Anomaly Detection and other AI Algorithms in RAN Optimization


Yesterday I watched this very inspiring live chat that I would like to recommend to anyone who is interested in how machine learning techniques (aka "AI") can help to optimize and troubleshoot the Radio Access Network.

 [The real contents of in the video starts at approx. 42:00 min] 

My key takeaways from this fireside chat are: 

Verizon Wireless has enough data (100… 500 time series KPIs per cell) that they use to feed anomaly detection ML algorithms and this generates a huge number of alarms, but only a few actionable outputs. 

The “big elephant” (Nick Feamster) is to identify if these alarms indicating real problems that can and have to be fixed or if they just indicate a new behavior of e.g. a new handset or a SW version that was not present in the training phase of the ML algorithm and hence, its pattern is detected as a new “anomaly”. 

For Bryan Larish (Director Wireless AI Innovation, Verizon) the “big open problem” is “that it is not clear what the labels are” and “no standard training sets exist”. 

[For more details watch the video section between 52.00 min and 57:32 min and listen to Bryan’s experience!] 

In most cases Verizon seems to need subject matter experts to classify and label these anomaly alarms due to “the huge diversity” in data pattern. 

According to Bryan only for very few selected use cases it is possible to build an automated loop to fix the issue.
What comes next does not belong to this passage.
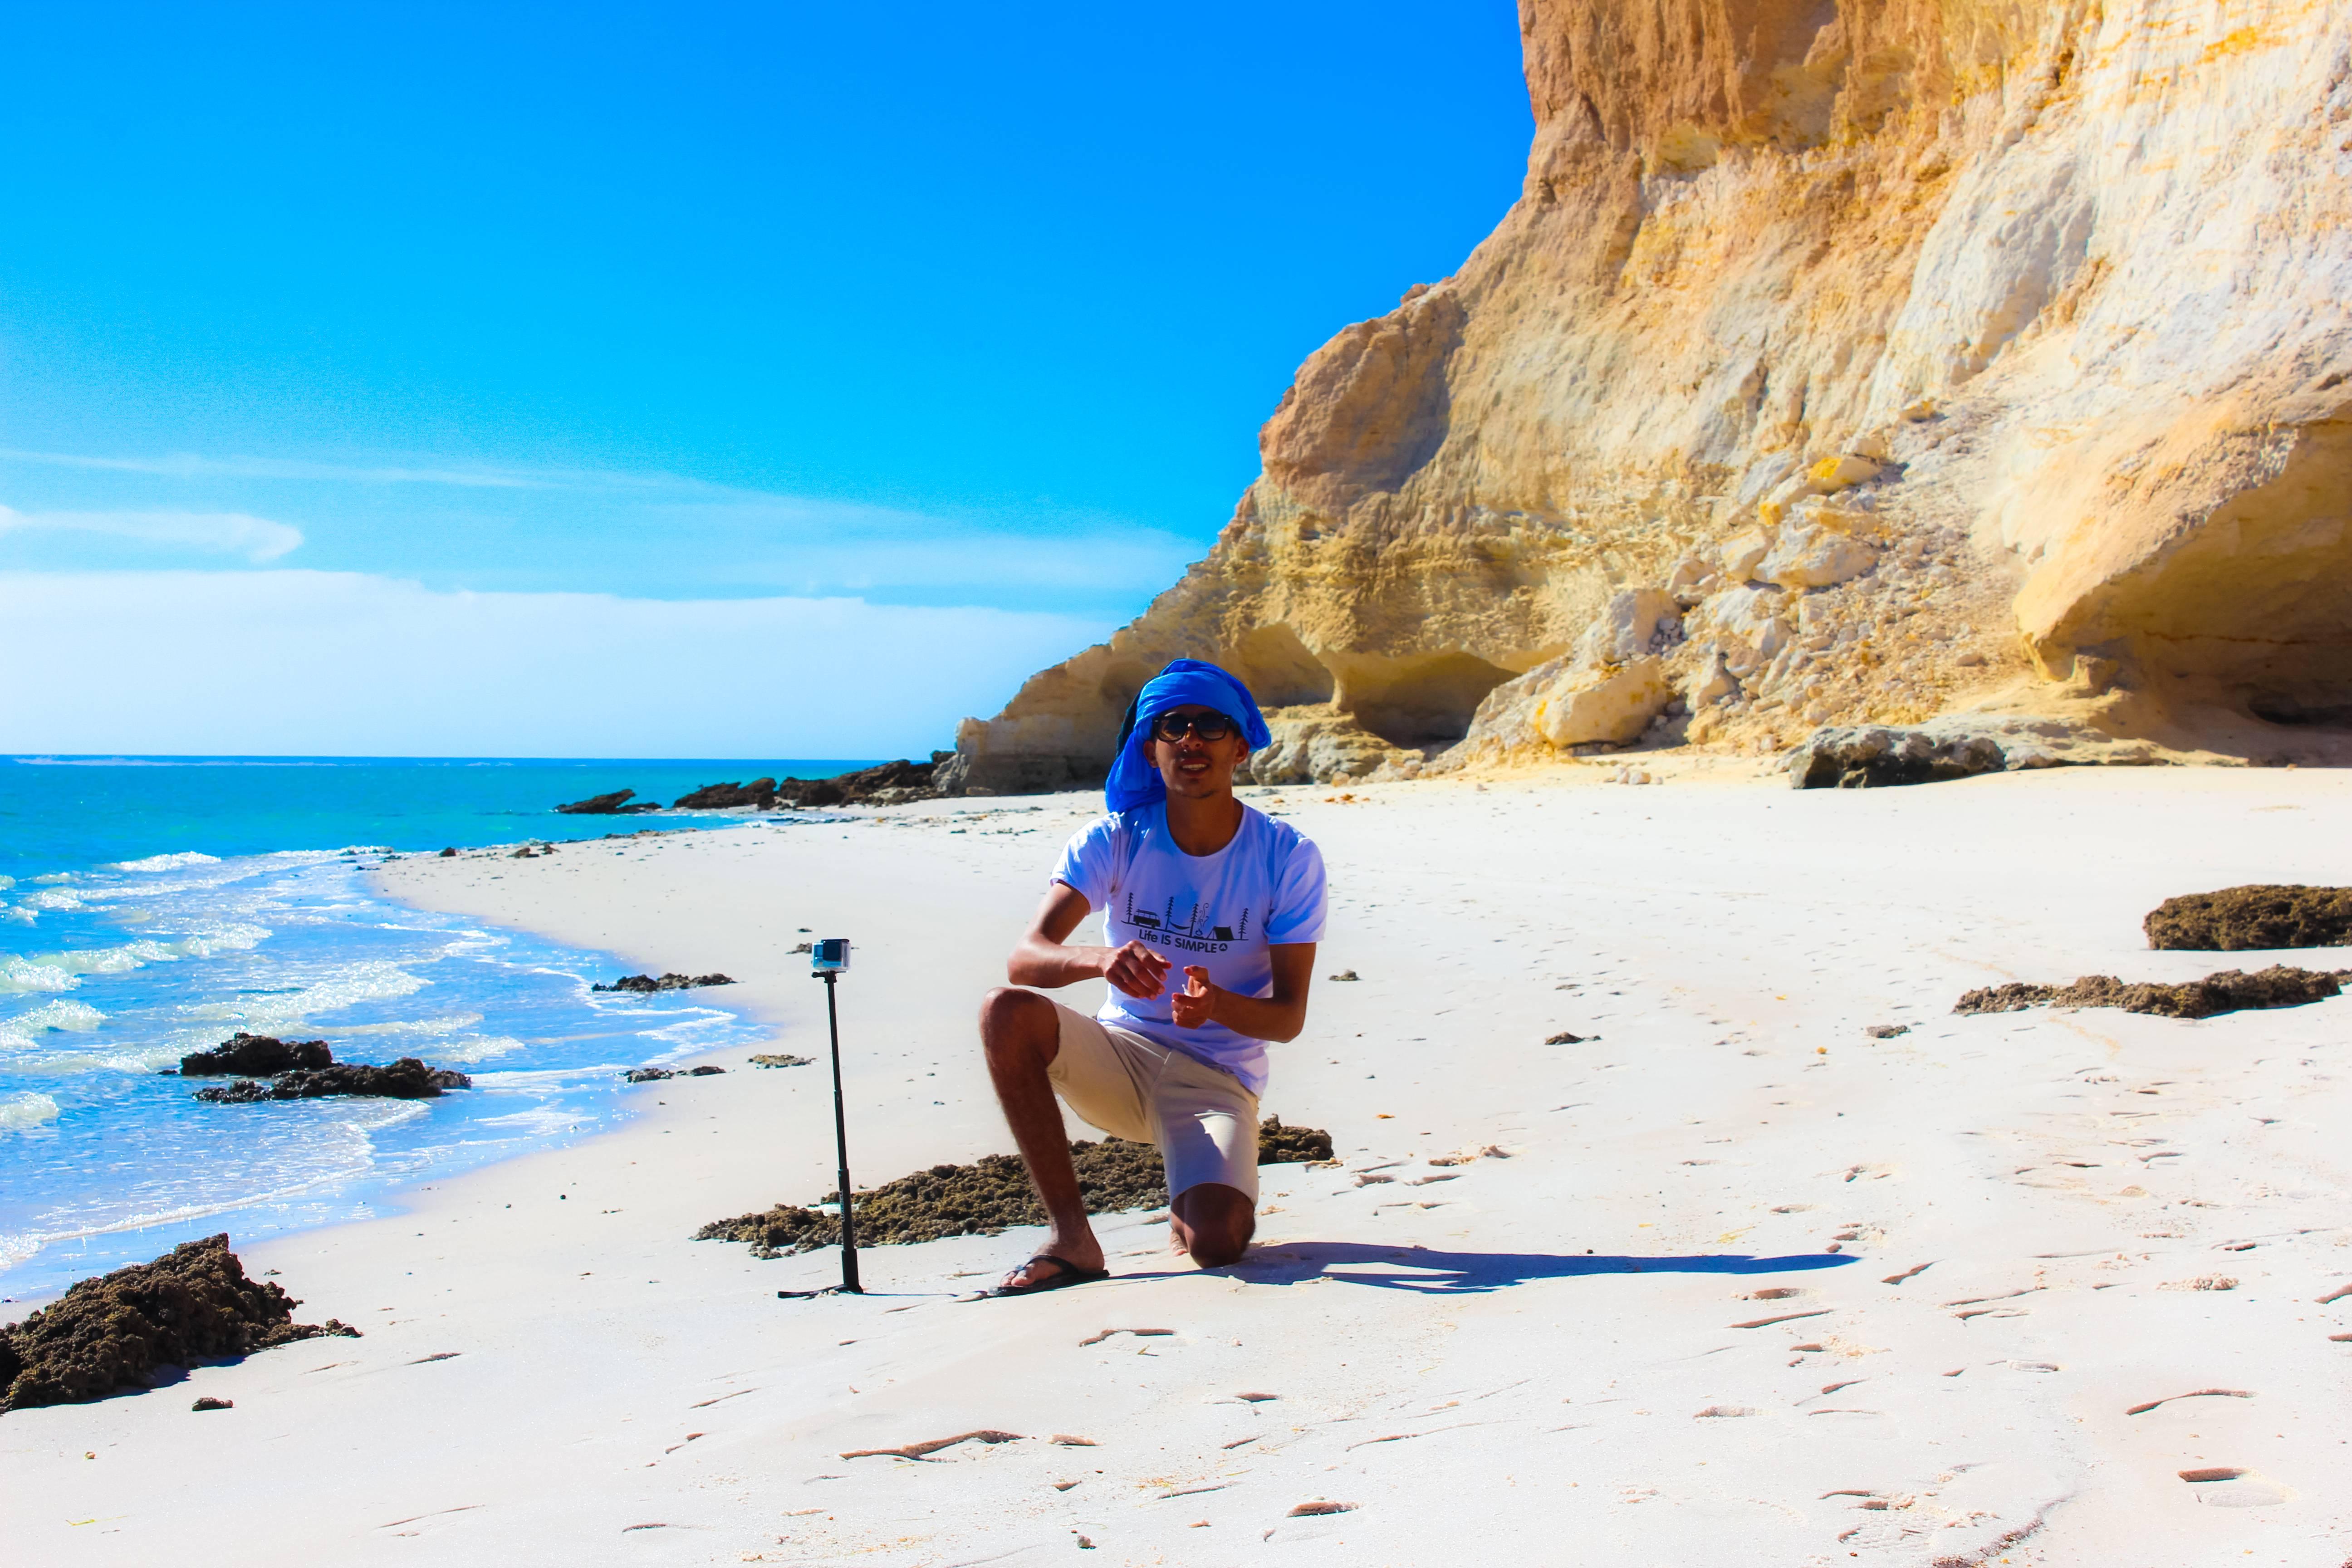 Photo 3: Trip arround dakhla ( Maroc ) : La dune blanche - Fom bouir - L'île du dragon

Especially the root causes of radio interference are often mechanical or cabling issues that need manual work to get fixed. 

All in all it is my personal impression at the end of the session that anomaly detection is currently a bit overhyped and that the real challenges and problems to be resolved start after anomalies are detected.

Nevertheless, as Bryan summarizes: “ML is a very, very powerful tool.” 

However, strategically he seems not to see a lot of value in anomaly detection by itself, but rather: “Can we use machine learning (results) to change how we build networks in the future?”